Basiu zobaczymy co z siewkami, bo to różnie bywa. Czasem można i wyplewić niechcący.
Sylwio matematyka zawsze się przydaje.

Chociaż przy siewkach, to nie zawsze działa.
Anitko odpisałam u ciebie.
Elu zobaczymy. Swoich chyba nie będę wycinać.
Dziś też pojechałam na działkę, bo rano u nas słońce świeciło. Przycięłam winogrona i hortensje ogrodowe. Wycięłam trochę suchelców i rozgrabiłam kretówki. Wyobraźcie sobie, że przy tym wycinaniu, jak zbierałam suche, to do ręki wzięłam coś jak gniazdko. Jakie było moje zdziwienie, gdy zobaczyłam w tym gniazdku coś podobnego do myszy. Zwinięte w kłębuszek nie dawało znaku życia. Opatuliłam z powrotem i odłożyłam. Nie miałam serca robić mu krzywdy, choć to pewnie szkodnik jakiś.
Koło trzeciej zaczęło kropić i wiać, to pojechaliśmy do domu. A że pogoda się popsuła migiem, to nawet nie mam żadnego zdjęcia. Po prawdzie to i niewiele się od zeszłego tygodnia zmieniło. Tylko przebiśniegi całkiem się już rozchyliły i bardzo się cieszę, że je mam.
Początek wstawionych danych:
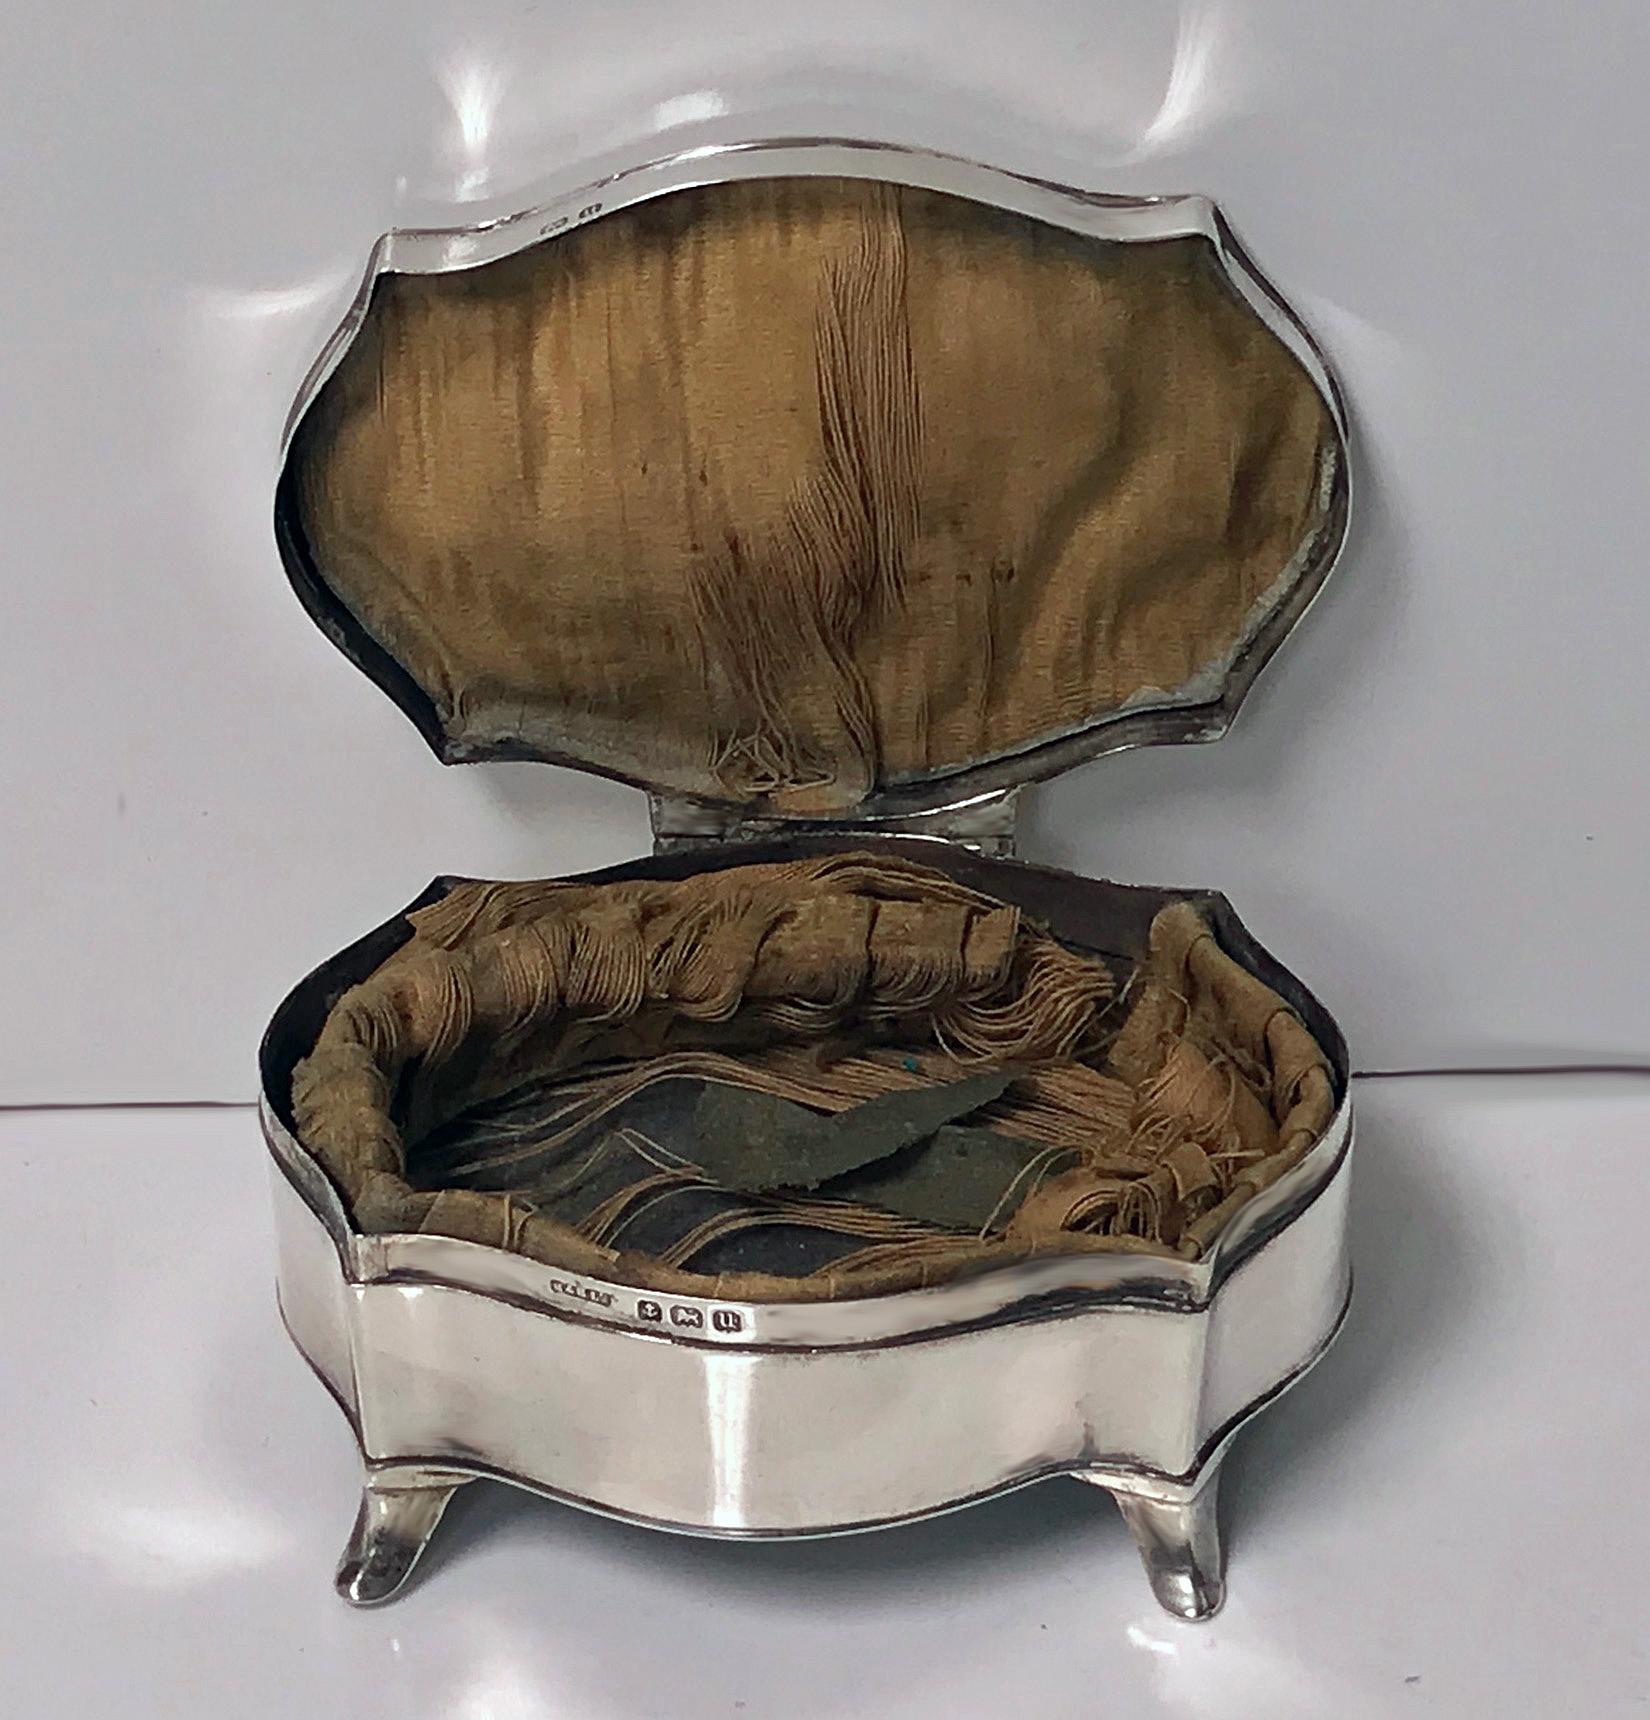 Antique Silver Jewellery  Box, Birmingham 1919, Hassett and Harper Ltd. The box in the form of a commode, engine turned hinged lid engraved Doris, with original gold satin interior, now distressed, curvilinear panel surround, on four turned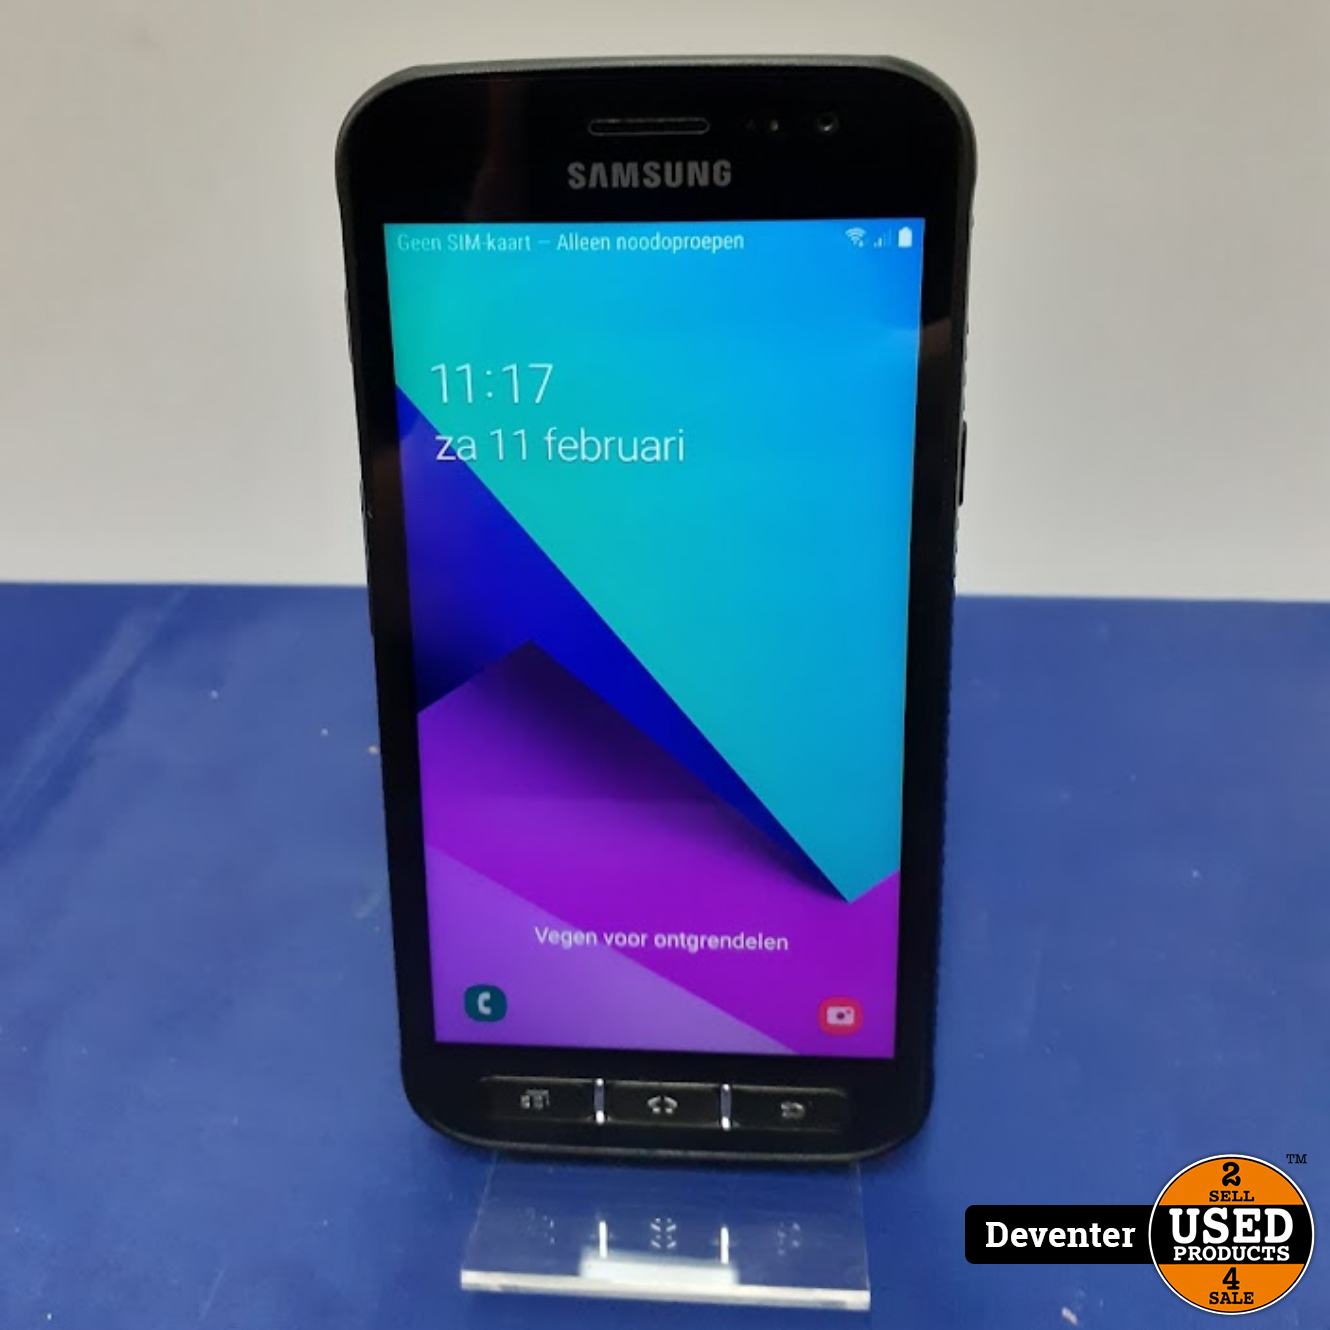 Remmen Smelten vacature Samsung Galaxy Xcover 4 16gb || Android 8 - Used Products Deventer

Na szczęście myszy czy nornice zostawiają je w spokoju.

W domu za to posadziłam w końcu bratki, rozsadziłam komarnicę na balkon, wsadziłam floksy, bo już puszczały zielone i tawułki Arendsa. Jeszcze muszę posadzić irysy syberyjskie (udało mi się kupić białe) i porozsadzać pelargonię.
Coś mnie w tym roku ciągnie do białego, bo floksy białe, tawułki 4 białe i 4 prawie białe (Deutschland), a jeszcze iryski.